Insights: Graph Theory and Teatime; March 2007; Scientific American Magazine; by Gary Stix; 2 Page(s)
Every weekday afternoon some 20 mathematicians and theoretical computer scientists gather in the Seattle suburbs to share tea. The conversation runs from the latest on number theory to the fairest way to decide a closely contested election. The gathering spot is not the faculty lounge of an elite university but rather a meeting area in Building 113, the nondescript glass and steel structure that houses the Theory Group of Microsoft Research.
A decade ago two mathematical physicists--Jennifer Chayes and Christian Borgs--gave up permanent academic positions for the allure of being able to go out and hire the best minds in discrete mathematics, statistical physics and theoretical computer science. By most measures, the pair have succeeded in recreating the rarefied world of a top university department, right down to the tea ritual.

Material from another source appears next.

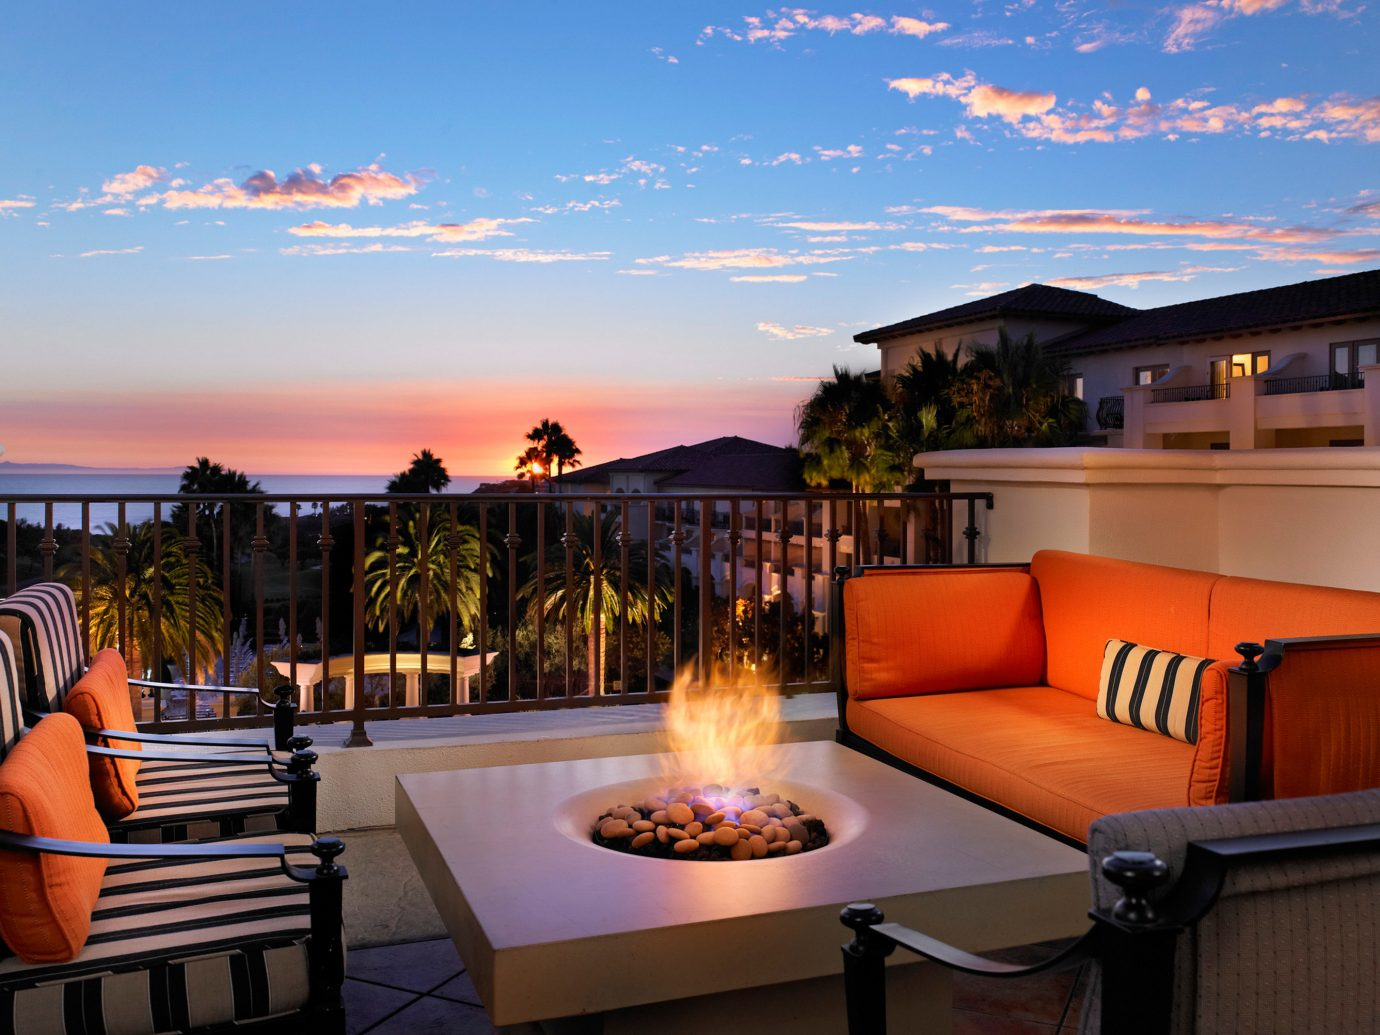 Hotels Living Lounge Luxury sky orange outdoor property estate house vacation home Resort Sunset real estate Villa setting set

In essence, the group resembles a smaller version of the Mathematical Sciences Research Center in its heyday at the old Bell Labs, home to Claude E. Shannon, Richard Hamming, Narendra Karmarkar and other quantitative luminaries, before corporate upheavals ultimately forced a scaling back. "It would be very hard, if not just impossible, for a university to assemble such a group within a 10-year time frame," remarks Bart Selman, professor of computer science at Cornell University and also a former Bell Labs researcher. "Clearly, Microsoft resources play a role here."